Project 22: Matrix Calculus Backpropagation Workbench

Build a matrix-form gradient verification lab that makes backpropagation auditable instead of magical.

Quick Reference

Attribute	Value
Difficulty	Level 4: Expert (The Systems Architect)
Time Estimate	2-3 weeks
Main Programming Language	Python
Alternative Programming Languages	Julia, Rust, MATLAB
Coolness Level	Level 4: Hardcore Tech Flex
Business Potential	1. The “Resume Gold” (Educational/Personal Brand)
Knowledge Area	Matrix Calculus / Deep Learning Internals
Main Book	“The Matrix Calculus You Need for Deep Learning” by Parr and Howard

1. Learning Objectives

Derive Jacobian/Hessian components with shape discipline.
Implement matrix-chain-rule backpropagation end to end.
Build finite-difference gradient checks for each parameter block.
Diagnose mismatch signatures (transpose bugs, reduction bugs, saturation).

2. All Theory Needed (Per-Concept Breakdown)

Concept A: Jacobians and Shape Semantics

Fundamentals A Jacobian captures output sensitivity to input dimensions. Shape errors in Jacobians are one of the most common deep-learning implementation failures.

Deep Dive into the concept Pick one Jacobian convention and keep it global. Every forward operator should publish output shape and local derivative shape contract. Composed layers then become explicit matrix products of local Jacobians. This reveals where transposes, broadcasts, and reductions must appear.

Concept B: Matrix Chain Rule

Fundamentals Backpropagation is reverse-mode application of chain rule on composed vector functions.

Deep Dive into the concept Layerwise gradients flow from loss to parameters through intermediate activations. The matrix form compresses scalar derivations and better matches modern implementations. Correctness depends on matching both arithmetic and shape transformations.

Concept C: Numerical Gradient Checking

Fundamentals Finite differences are a sanity oracle for analytical gradients.

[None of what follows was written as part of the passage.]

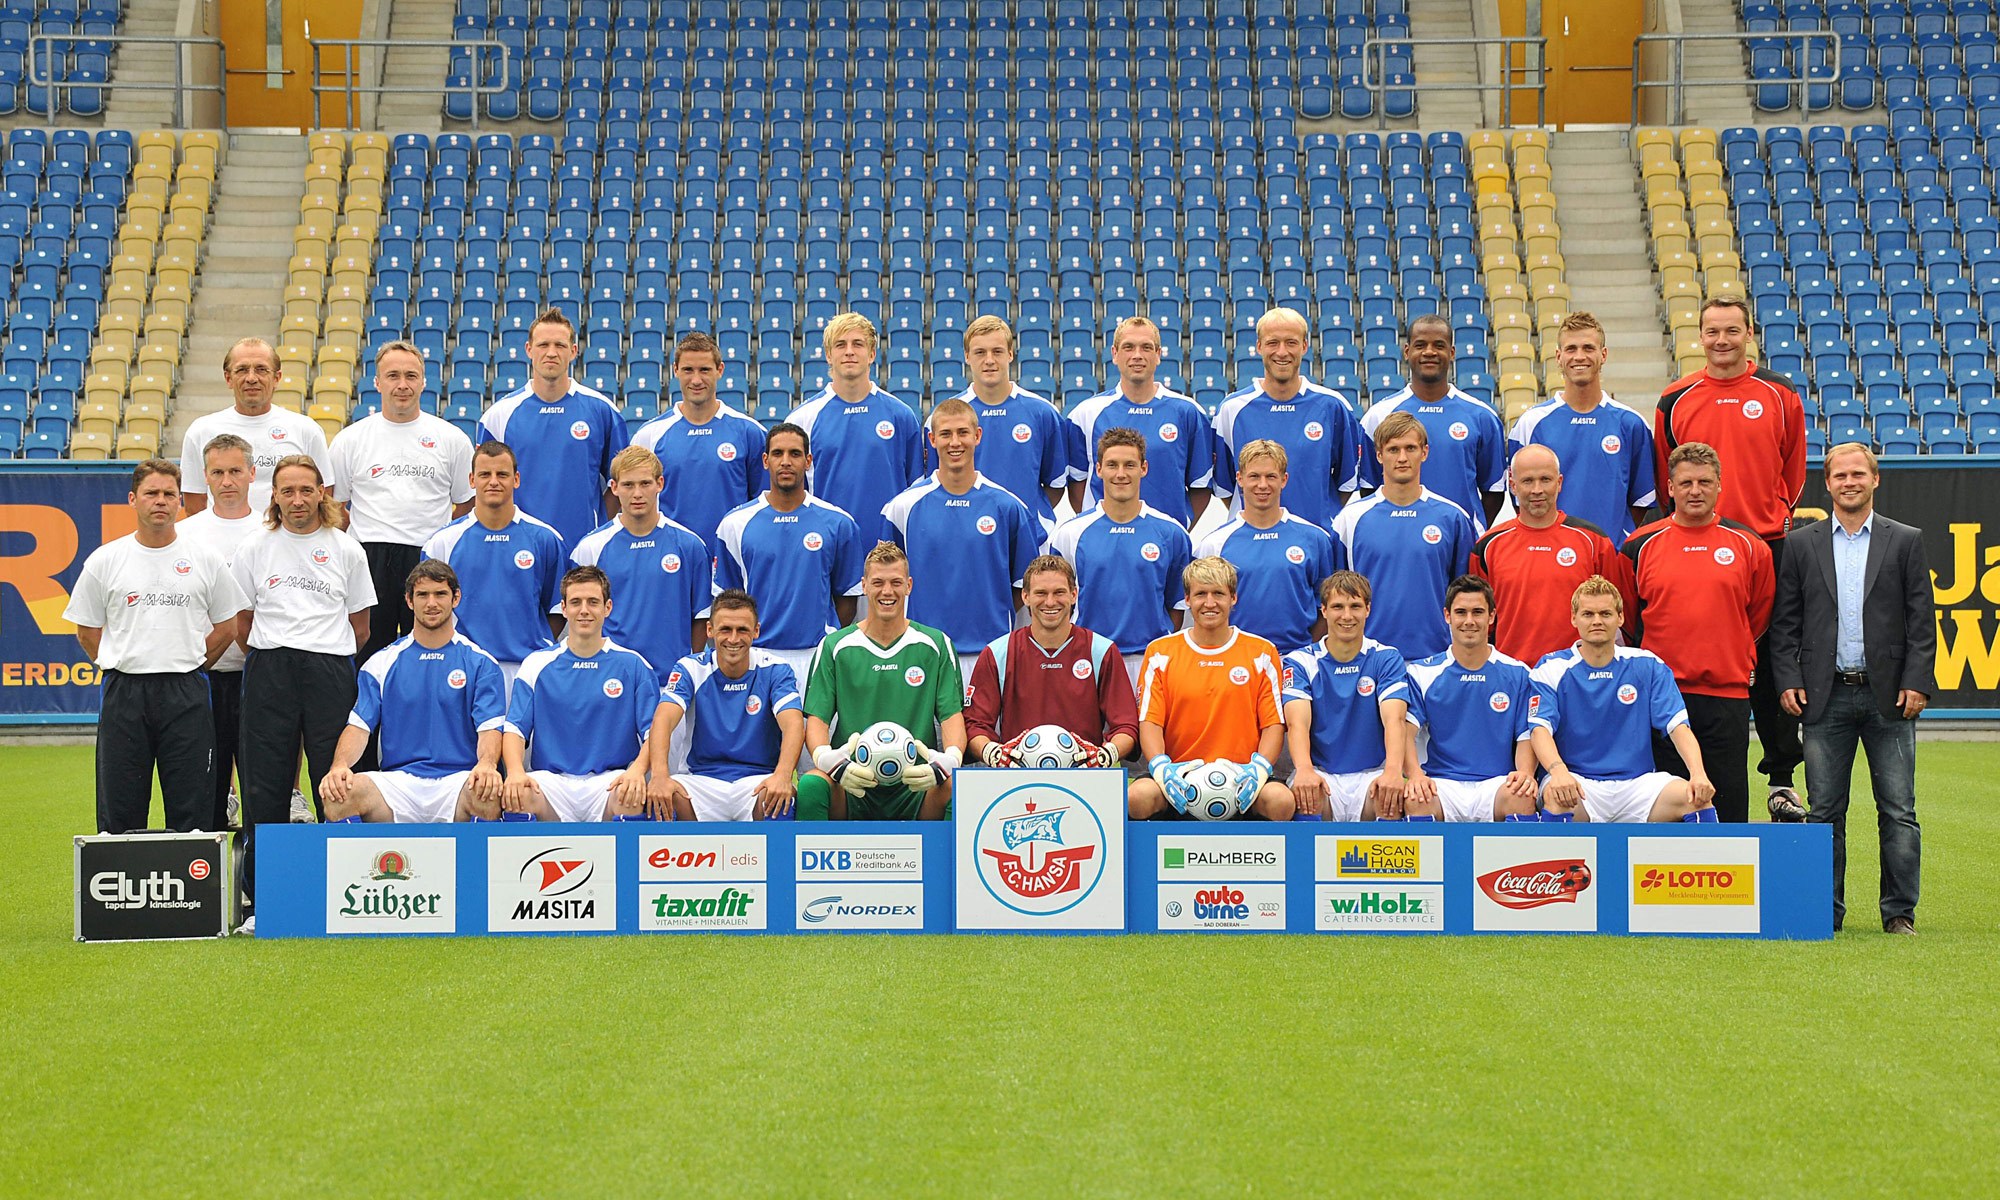 Mannschaftsfoto des FC Hansa Rostock 2009/2010 ohne Sponsor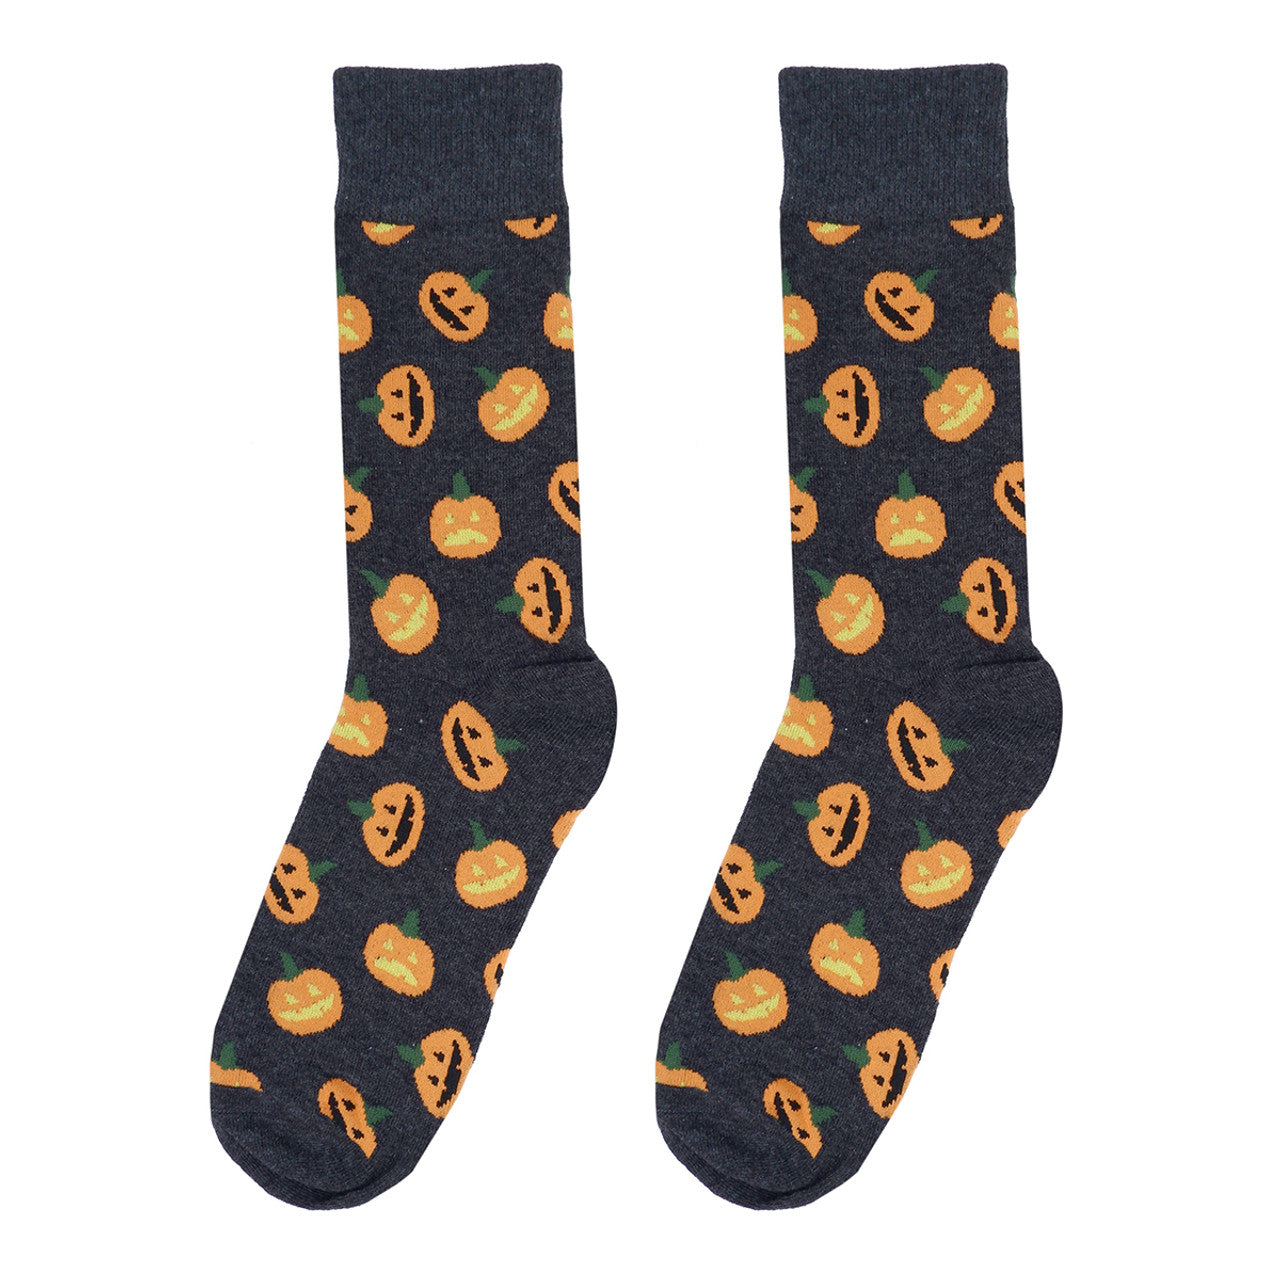 Men's Halloween Pumpkin Crew Socks - Charcoal Gray

Deep Dive into the concept Use centered differences and robust relative-error denominators. Very small gradients need careful interpretation to avoid false positives.

3. Build Blueprint

Implement affine-only network and analytic gradients.
Add nonlinearity and softmax-cross-entropy.
Add gradient checker per parameter tensor.
Emit layerwise mismatch diagnostics.

4. Real-World Outcome (Target)

$ python matrix_calculus_lab.py --model mlp2 --batch 8

Forward loss: 1.209341
Gradient check dL/dW1: 4.7e-07
Gradient check dL/dW2: 5.3e-07
Chain-rule consistency: PASS

5. Core Design Notes from Main Guide

Core Question

“How does backpropagation work when every derivative is a matrix derivative?”

Common Pitfalls

Inconsistent batch reduction conventions
Hidden transpose mistakes
Misleading gradient-check thresholds near zero

Definition of Done

All layer gradients pass finite-difference checks
Shape assertions exist for every forward/backward step
Failure logs isolate offending tensor blocks
Matrix-form derivation is documented

6. Extensions

Add Hessian-vector product checks.
Compare reverse-mode and forward-mode cost.
Add tensor-notation documentation for 3D batches.